The Com Networks Community brings together academics, practitioners, researchers, policy leads, and operational leaders to address gaps in understanding com groups, the research methods and behavioural analytics used to study them, and how these insights can support multi-agency prevention and response.

NABS+ roundtables involving academics, practitioners, policy makers, and law enforcement, highlighted a shared set of needs:

  • Research on (dis)engagement mechanisms, motivations, and pathways; on the scope and nature of the com group ecosystem, and on interventions to protect and disrupt.
  • Innovation in behavioural analytics andmethods to analyse data from com group online interactions.
  • Best practice guidelines for working with, accessing, and sharing com group data, including practices for protecting researcher/practitioner wellbeing and ethics.
  • A multi-agency definition of com networks, to facilitate operational responses and coordination.
  • A multi-agency strategy to share new insights/standard operating procedures across agencies and deconflict and clarify operational responses.
  • Educational and training material for frontline staff, parents and carers, and law enforcement.
  • International collaboration between law enforcement agencies, and between academic researchers and law enforcement.

The CoP will provide the structure to coordinate learning, approaches, and build a coherent evidence base.

Objectives

The Community will be focused on sharing insights. The first course of action will be to agree its objectives and activities. Some of the activities that could be undertaken includes:

  1. Identifying existing relevant academic research and developing new theoretical frameworks.
  2. Sharing new research insights on (dis)engagement mechanisms, motivations, and pathways; the scope and nature of the com group ecosystem, and on interventions to protect and disrupt.
  3. Identifying and designing practical interventions for detecting and mitigating harm.
  4. Developing ethical and practical guidance on data access and use, and researcher/practitioner wellbeing.
  5. Building a shared research agenda, including behavioural analytic approaches.
  6. Sharing learning and integrated practice across agencies to facilitate coordination.

How to join

Members will be representatives from academia, NCA, policing, Home Office, Department for Education, NHS, National Security, and industry. It should include ethics specialists. An initial set-up meeting will determine the best format moving forward, which may include quarterly seminars, thematic workshops, and a shared knowledge repository.

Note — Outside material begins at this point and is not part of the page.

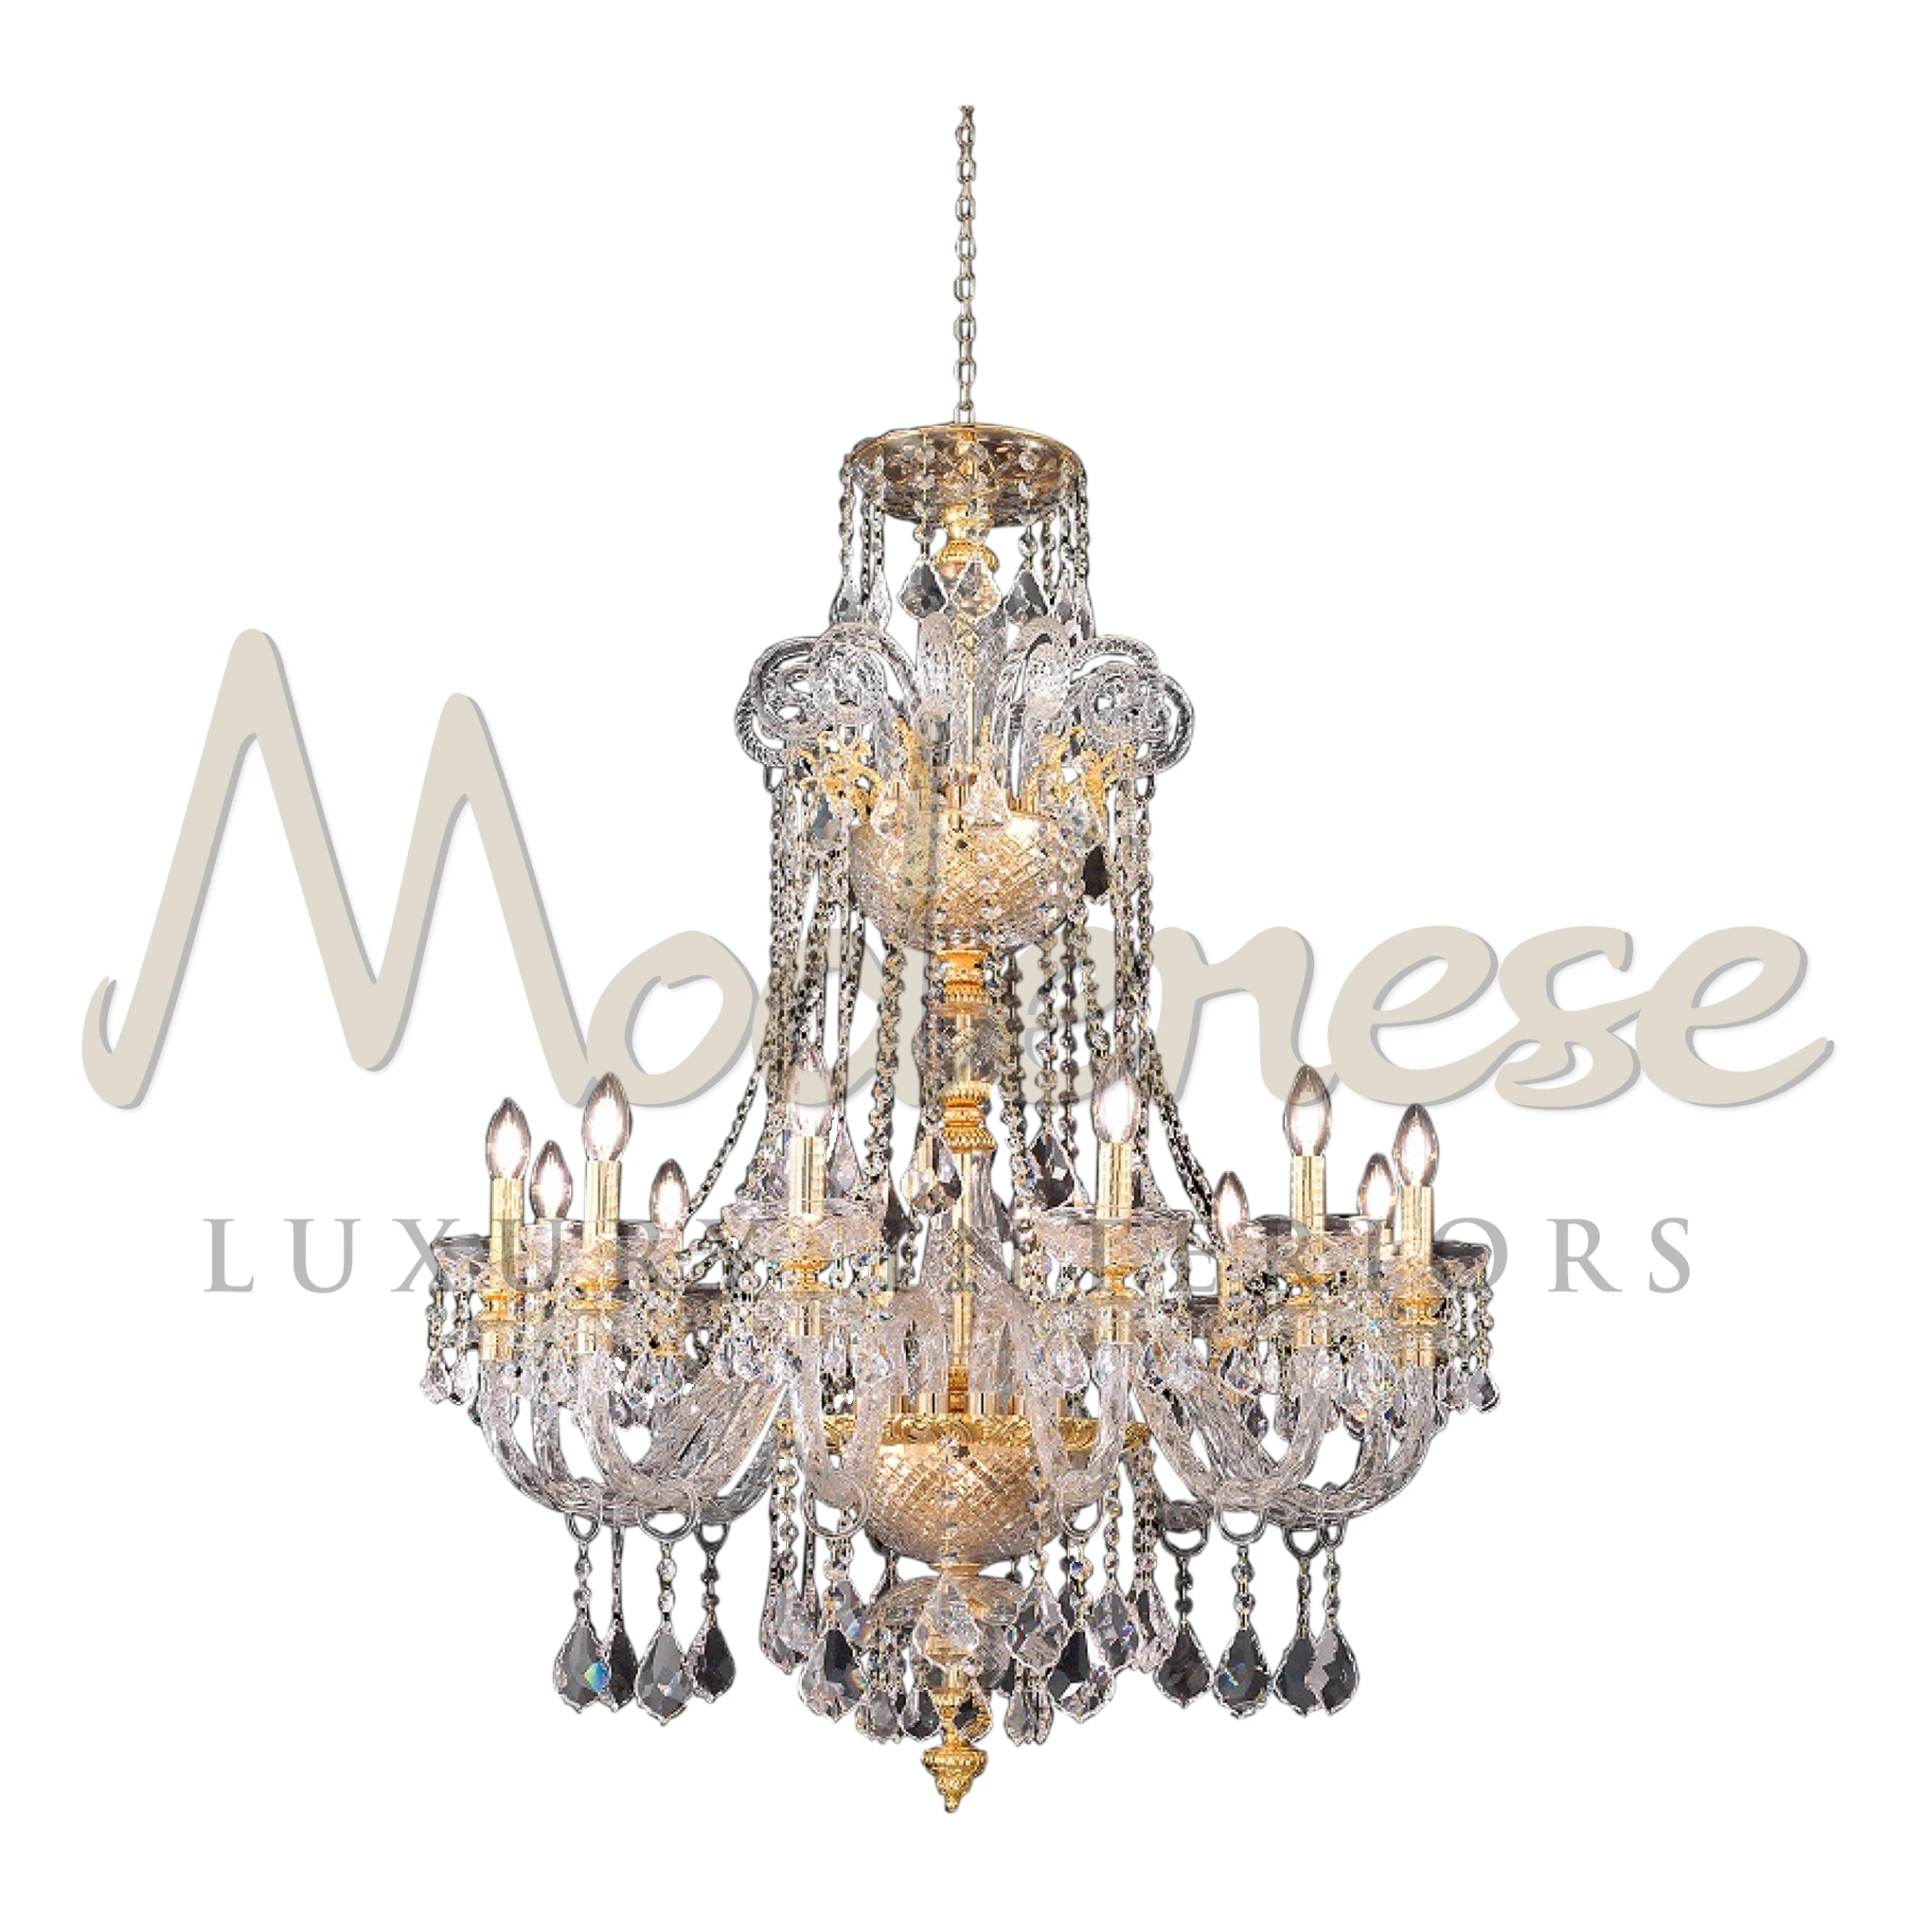 Modenese Luxury Imperial Majesty Chandelier’ with crystals and gold accents.
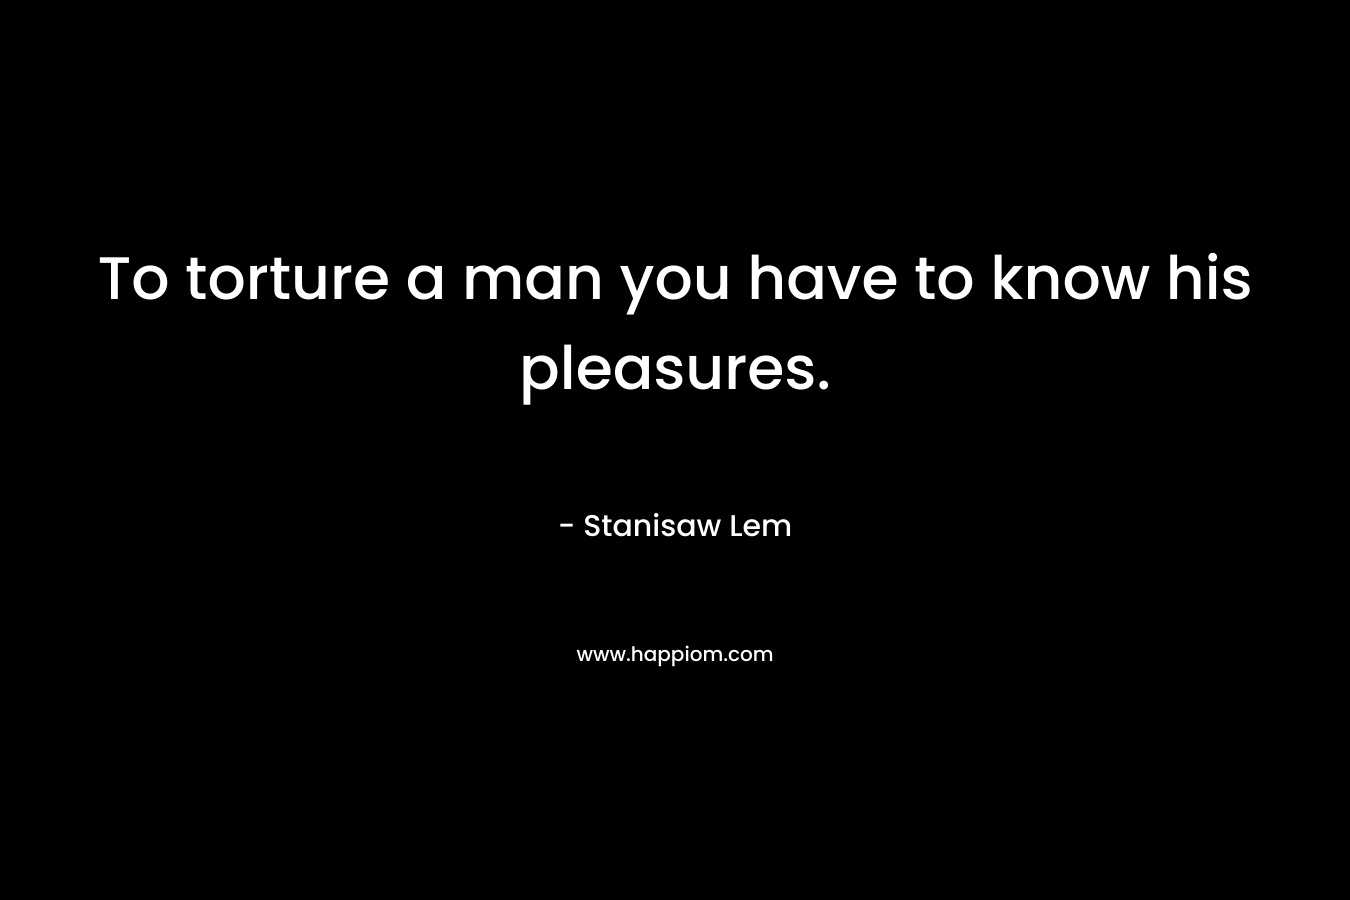 To torture a man you have to know his pleasures. – Stanisaw Lem

The benefits of joining include:

  • A coherent, clear understanding of existing and current academic research relevant to com networks.
  • A coherent, coordinated international approach to mitigating the threats, risks and harms associated with com networks.
  • Enabling evidence‑based decision making and de-duplication of effort.
  • Improving awareness, detection, intervention, and victim experience.
  • Reducing harm to researchers and practitioners.